Keytruda: how a good biomarker strategy results in a 20 billion dollars per year revenue

Pembrolizumab is one of the most sold drugs in the world. But do you know that this drug owes its success to a wise biomarker strategy?!

In many indications, Pembrolizumab alone did not show superiority compared to standard of care in the total patient population tested. As an example, the Keynote 48 Phase III trial (Burtness et al, Lancet 2019) evaluated the efficacy of Pembrolizumab versus Cetuximab+chemotherapy (Standard of care) as first line treatment for patients with recurrent/metastatic Head and Neck cancers.

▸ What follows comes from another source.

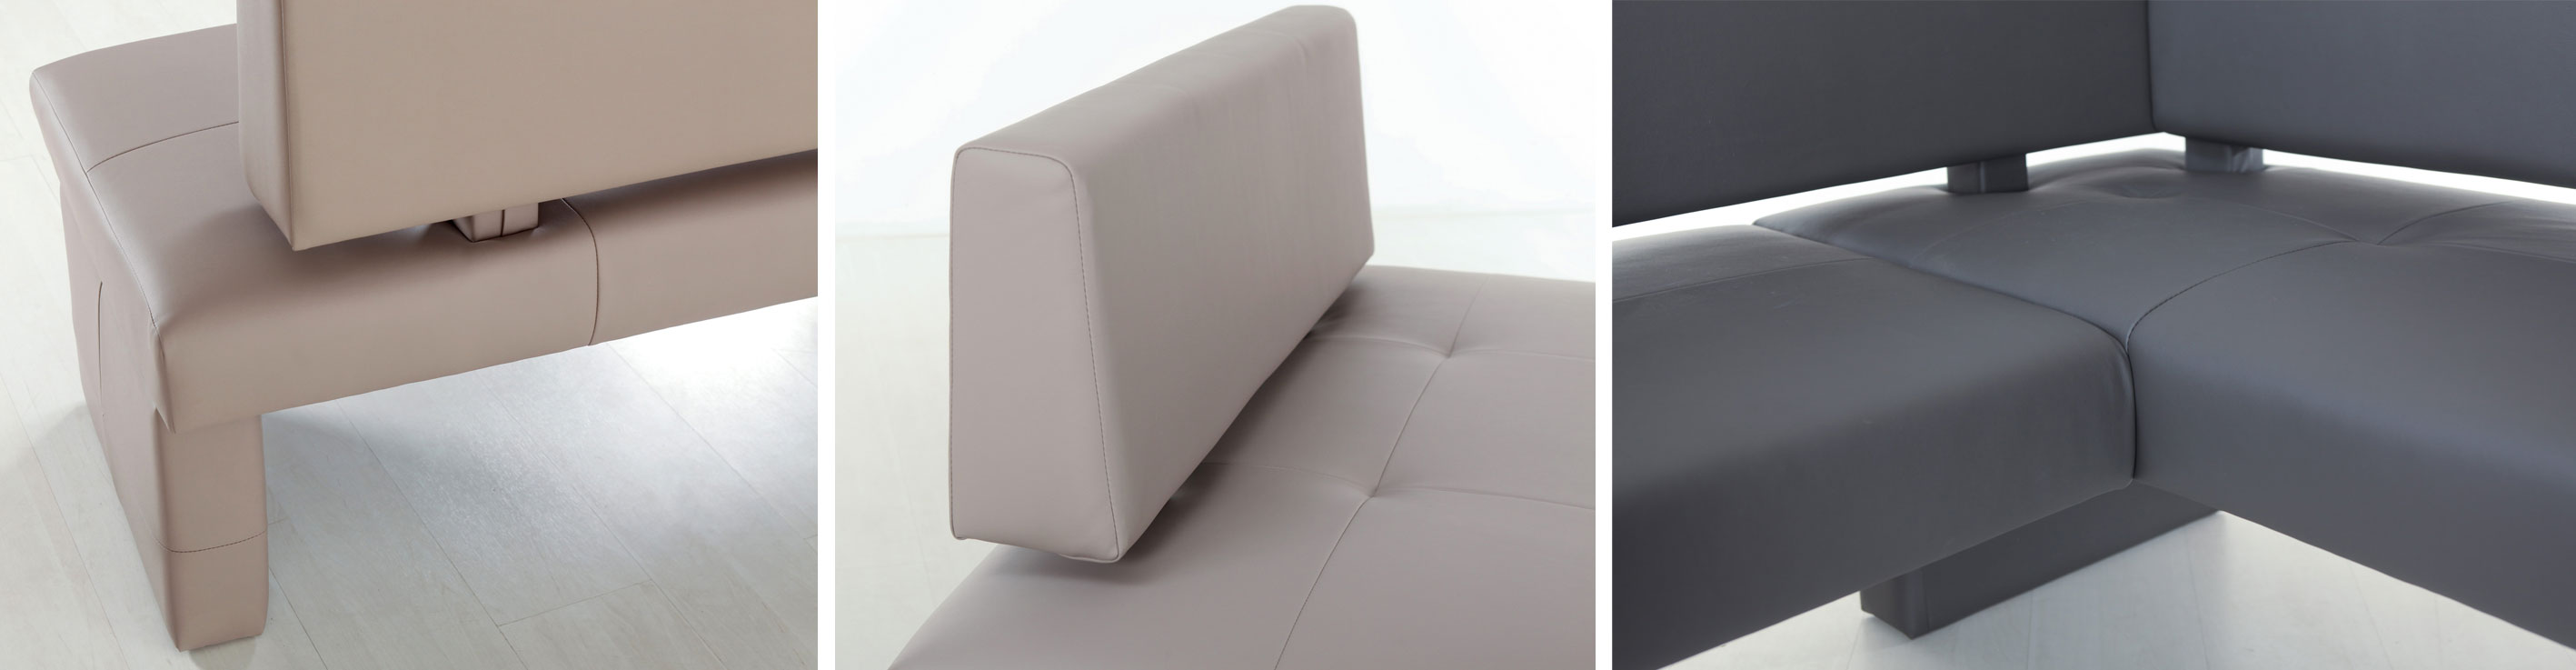 Standard Furniture Domino Eckbank Details
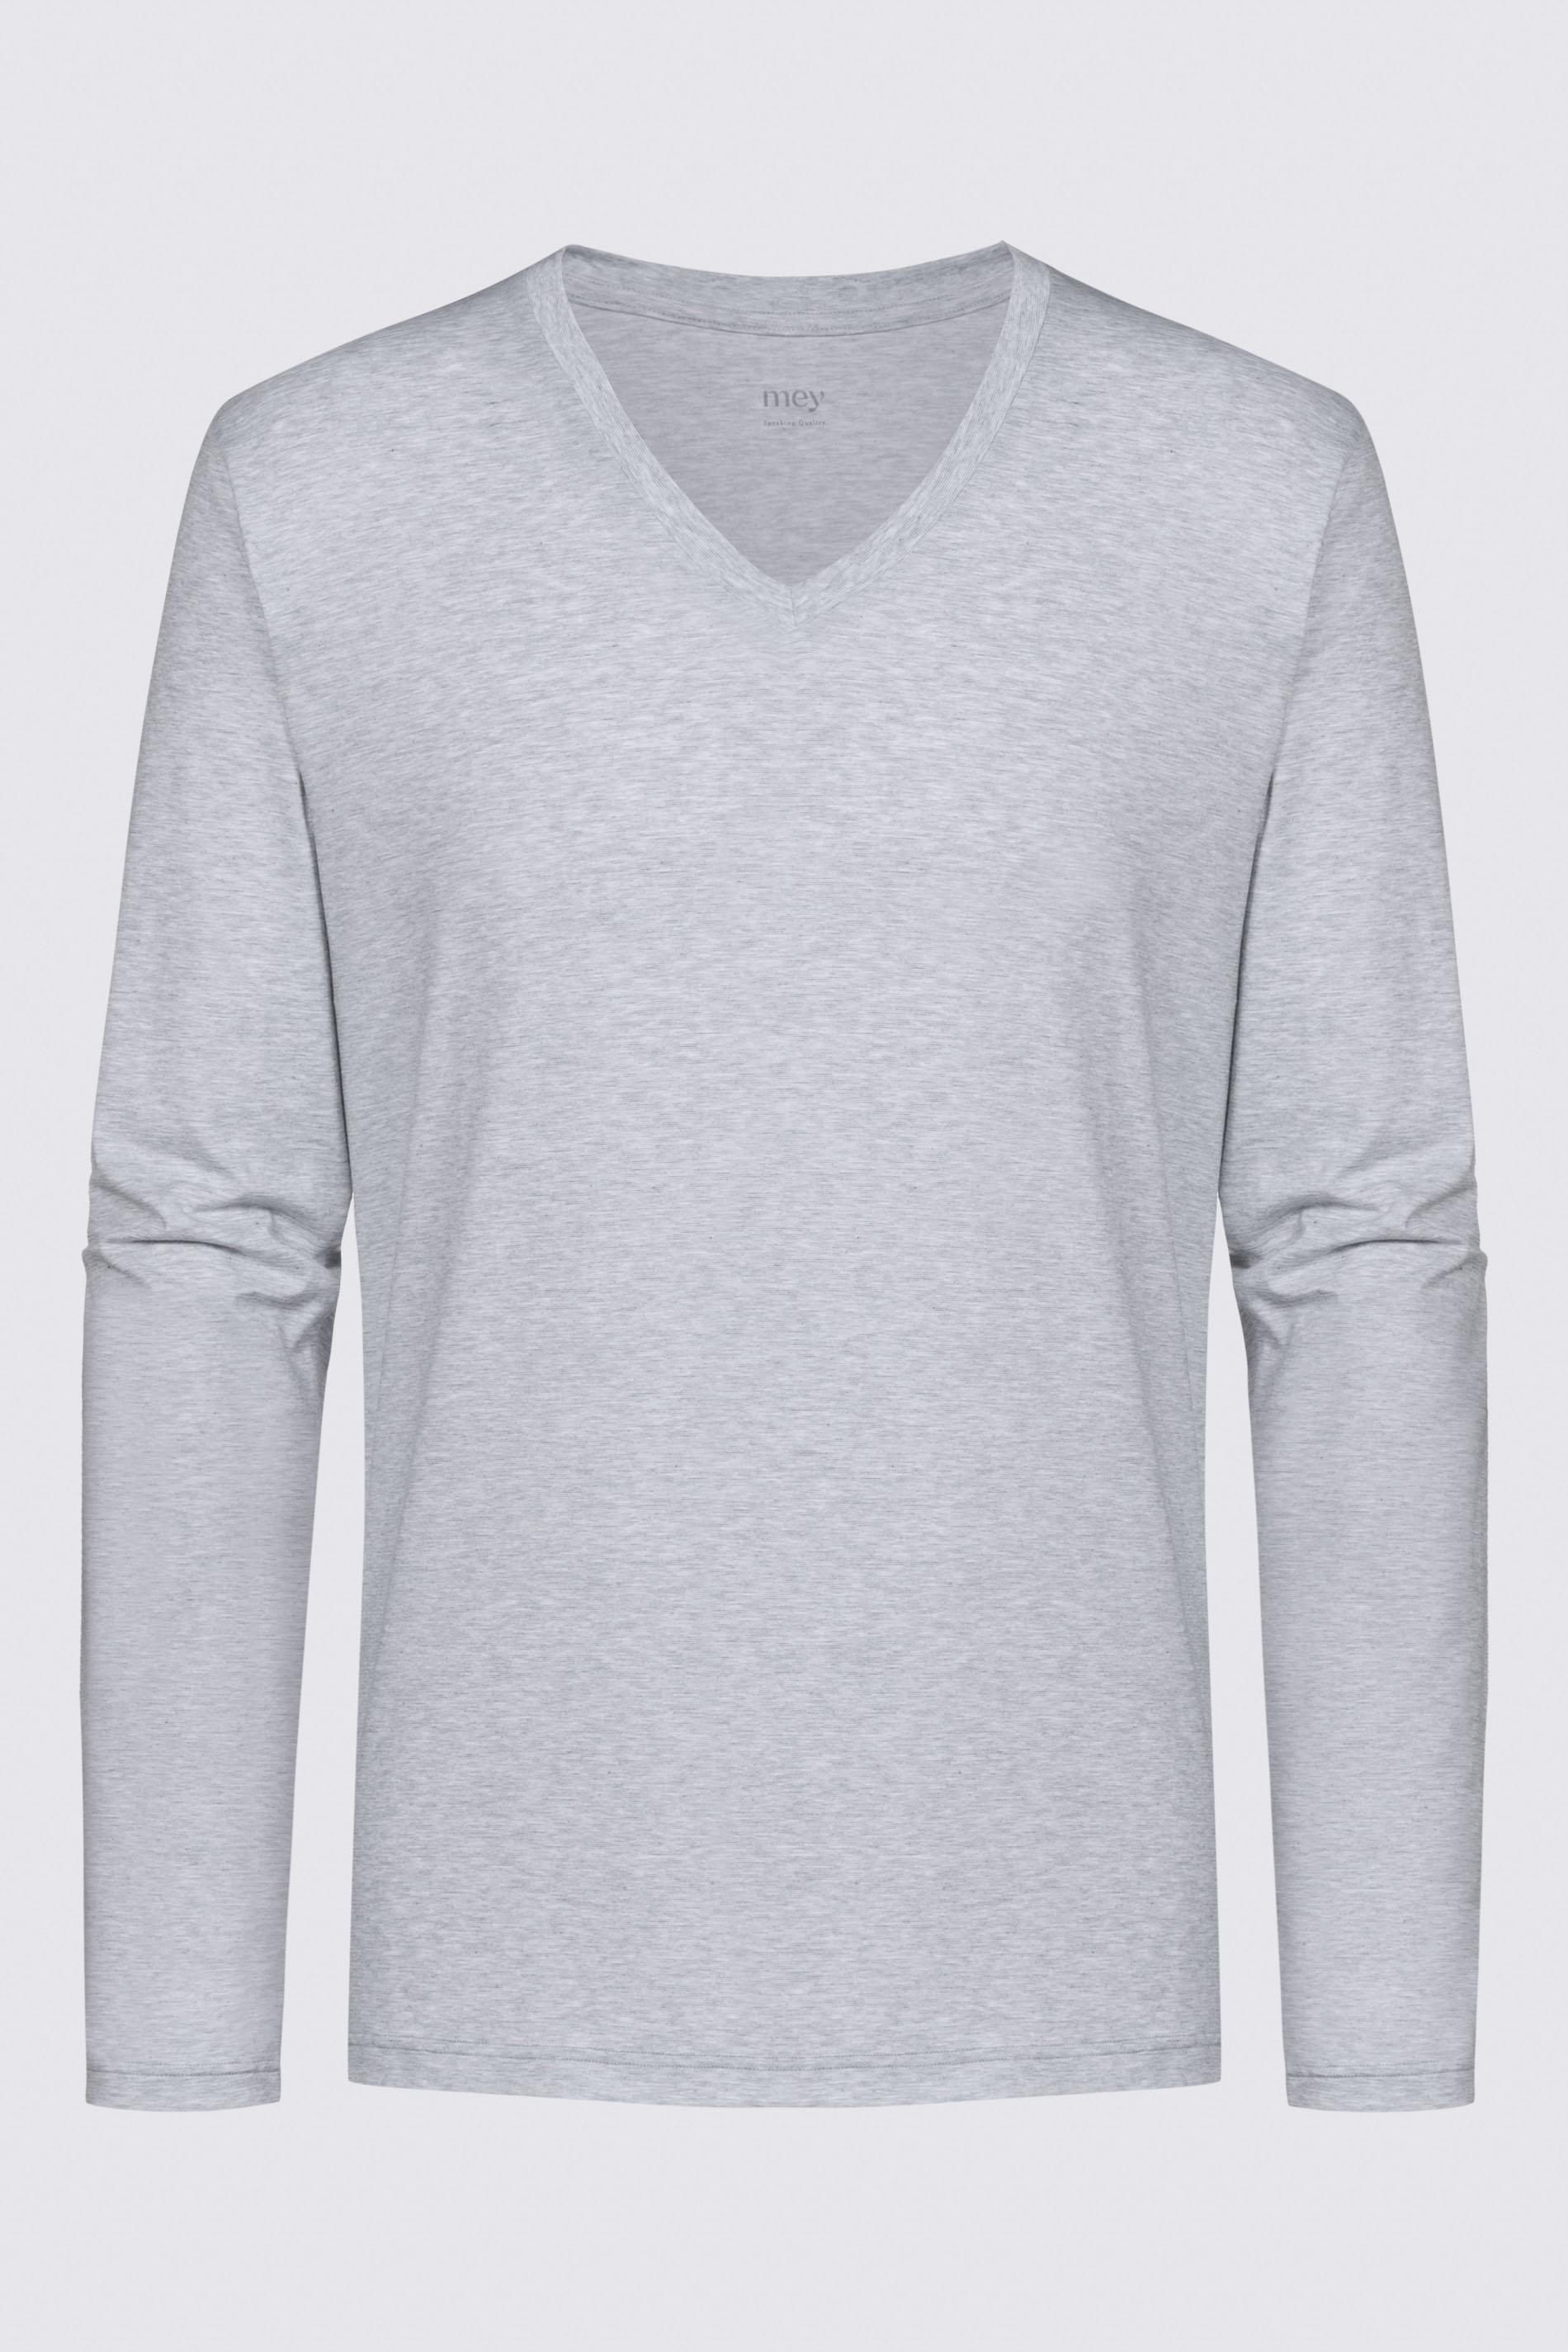 Langarm-Shirt Dry Cotton Colour Freisteller | mey®

As indicated in the figure below, there was no survival benefit for the Pembrolizumab alone group in the total population.

However, retrospective biomarker analyses from previous Phase II trials suggested that patients with tumors positive for PDL1 demonstrated a better response to Pembrolizumab. Therefore, several sub-population analyses were prospectively included by Merck in their Keynote 48 trial, which proved to be a very wise choice: in patients with PDL1 CPS ≥ 1, Pembrolizumab alone increases the overall survival compared to Cetuximab + chemotherapy. This is one example of how a good biomarker strategy could lead to drug approval.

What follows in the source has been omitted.